The Pompidou Centre is a massive modern art and culture facility in central Paris, on the western edge of the Marais district. Its architectural claim to fame is that it was designed with all its systems (heating, cooling, plumbing, visitor circulation, etc) exposed on the outside of the building, a sort of deconstruction of the notion of architecture. This, in addition to being an interesting concept, gives it another claim to fame: being perhaps the single ugliest piece of modern civic architecture known to man. And in a world where Brutalist architecture exists, this is no mean feat. What this does do positively, however, is provide a venue in which urban street art has a genuine, appropriate, sanctioned environment in which to exist. The wild vibrant gestural organic nature of street art contrasts with the highly composed, almost abstract structure of the ventilation and exhaust pipes and the security fencing around their access points.

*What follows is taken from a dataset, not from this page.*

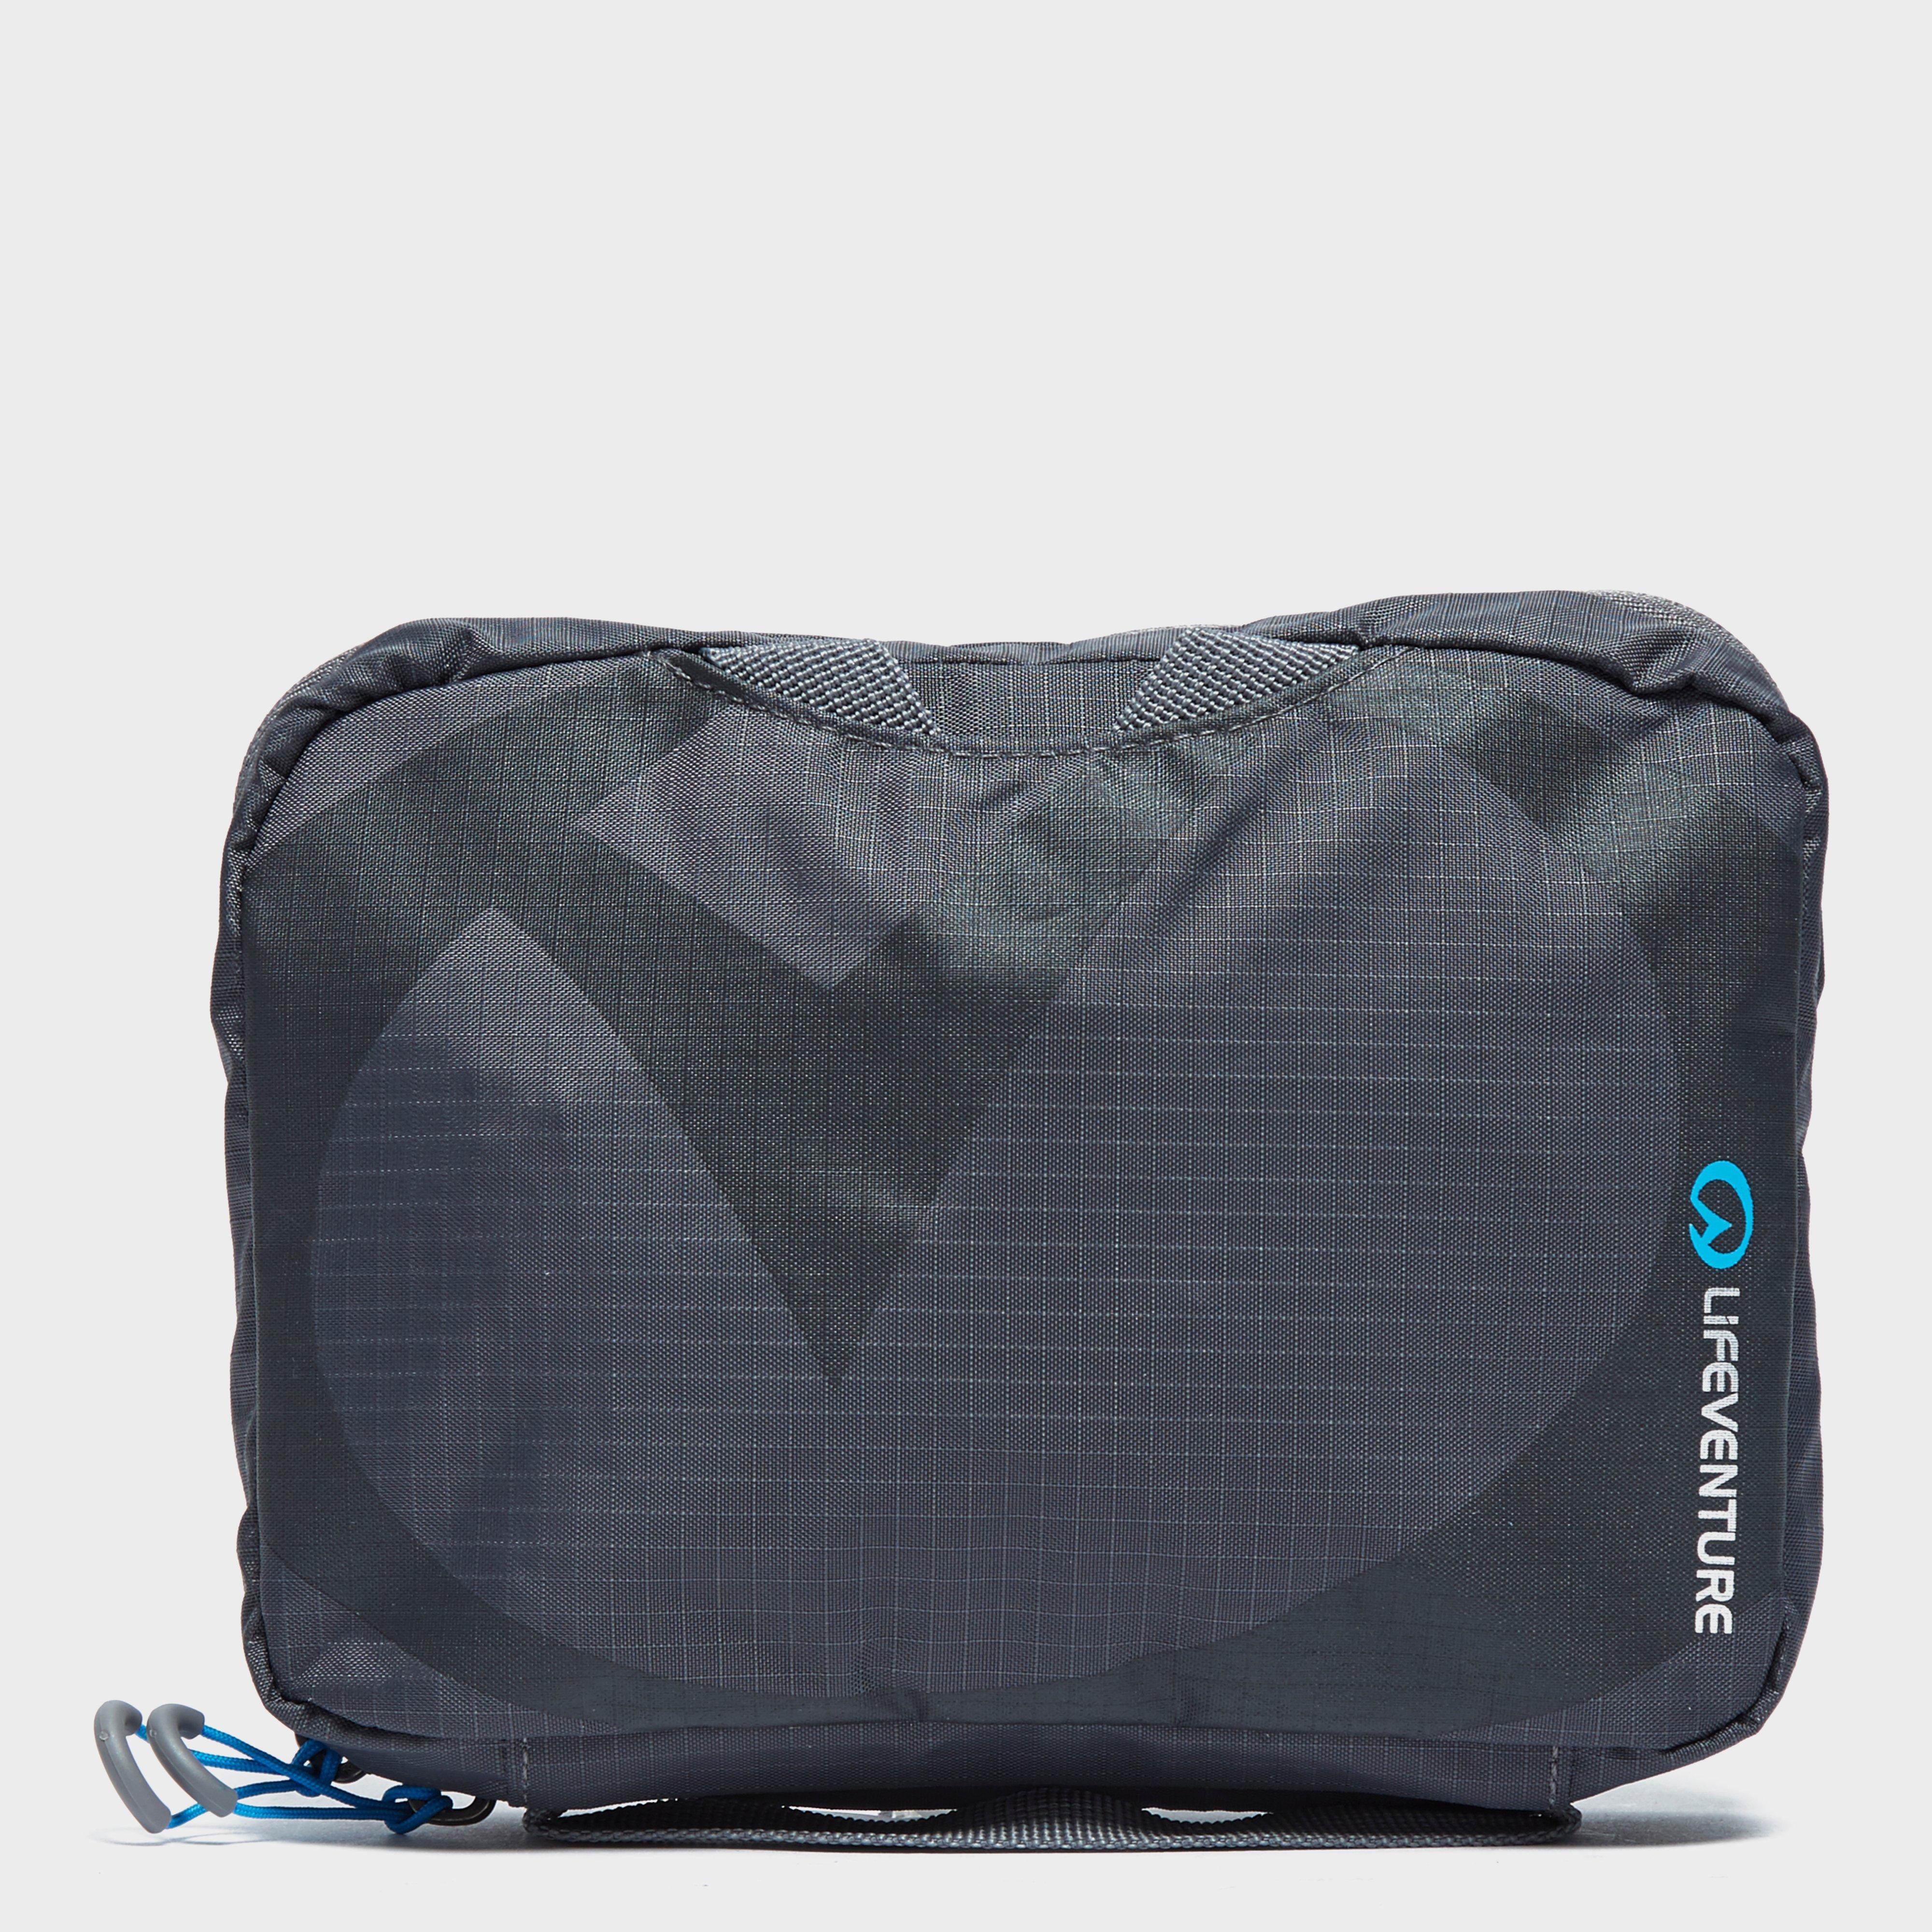 Lifeventure Lifeventure Travel Wash Bag (Small) - Grey, Grey

Street art has even been allowed to take over the stuccoed side of an existing 18th century building in what appears to be an homage to Salvador Dali.

Of course this doesn’t entirely stop unsanctioned street art or even just flat-out graffiti of a very pedestrian variety from cropping up around it. Graffiti aside, I thought this little house squeezed in between the gothic church and the later townhouse was fascinating – I could actually see setting up a small studio on the ground floor and living in the room above it.